Bioelectrochemical systems

Microbial bioelectrochemical systems and electro-fermentation

Bioelectrochemical systems (BES) are electrochemical processes in which the oxidation reaction at the anode and /or reduction at the cathode is catalysed by microorganisms. The most famous example of these processes is the microbial fuel cell (MFC), in which the treatment of organic effluents is coupled to the production of electricity. But the potential applications of these processes are very diverse, from H2 to platform molecules production, and there is an increasing interest from researcher for this topic for the last 15 years.

The microorganisms catalyzing the reactions in the BES exchange electrons with the electrodes that they use as an electron acceptor in the case of oxidation reactions at the anode, or as an electron donor in the case of cathodic reactions. They are most often structured in biofilms on the electrode and are qualified as electroactive. One of the limiting factors in BES is the difficulty in controlling the formation of an efficient and time-stable biofilm on the electrodes.


Copyright: LBE

BES are used in the LBE as models for the study of microbial interactions and for the development of eco-engineering strategies for microbial ecosystems.

We are particularly interested in the formation of biofilm on graphite electrodes through the choice and preparation of the inoculum depending on the reaction to be catalyzed and the operating conditions, the development of enrichment strategies or the reconstruction of biofilms from pure strains.

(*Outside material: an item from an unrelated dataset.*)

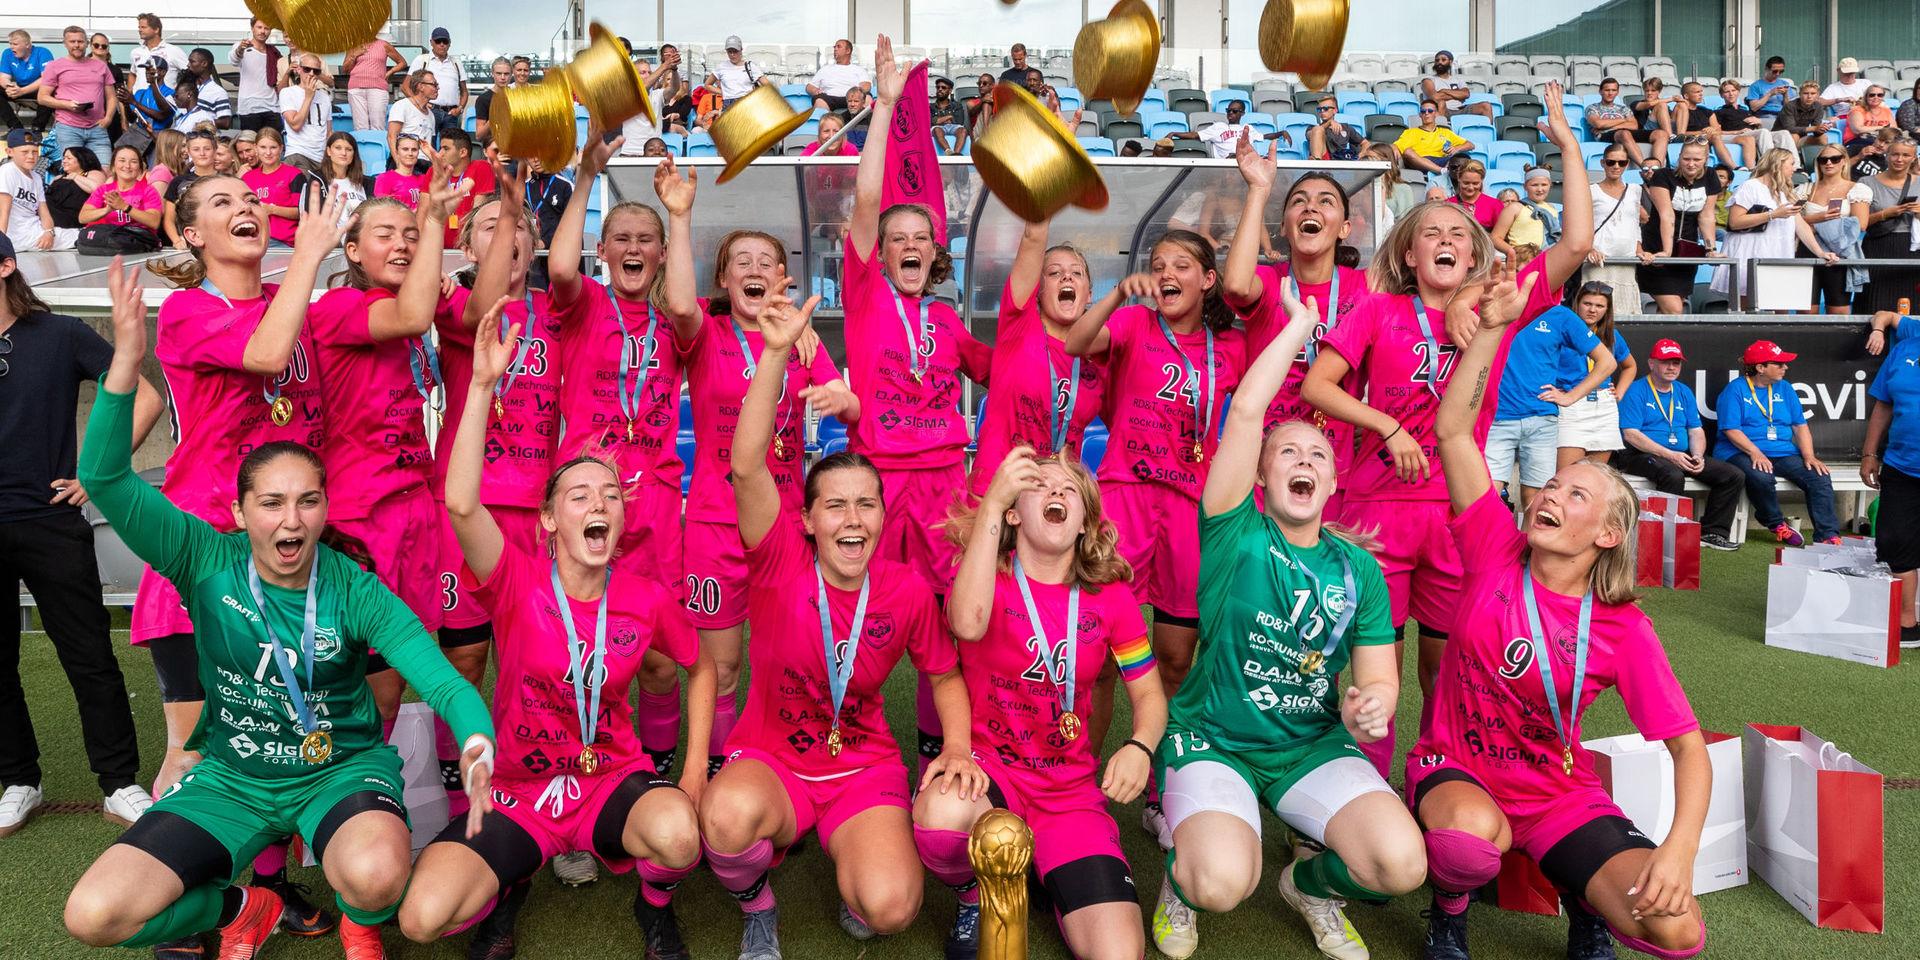 Göteborg jublar efter segern i finalen under Gothia cup i flickor 18 år. Näst längst ner till höger är Louise Persson från Svanesund.

In the case of complex substrates, it is also important to study the interactions between the biofilm and the planktonic community.

A recent development of this work is the electro-fermentation in which polarized electrodes are used to orient and control fermentation processes which take place in the reaction medium and not on the electrodes as in the case of the BES (Moscoviz et al. , 2016). This research also opens nice perspectives on the study of inter-species electron transfer  (Moscoviz et al., 2017).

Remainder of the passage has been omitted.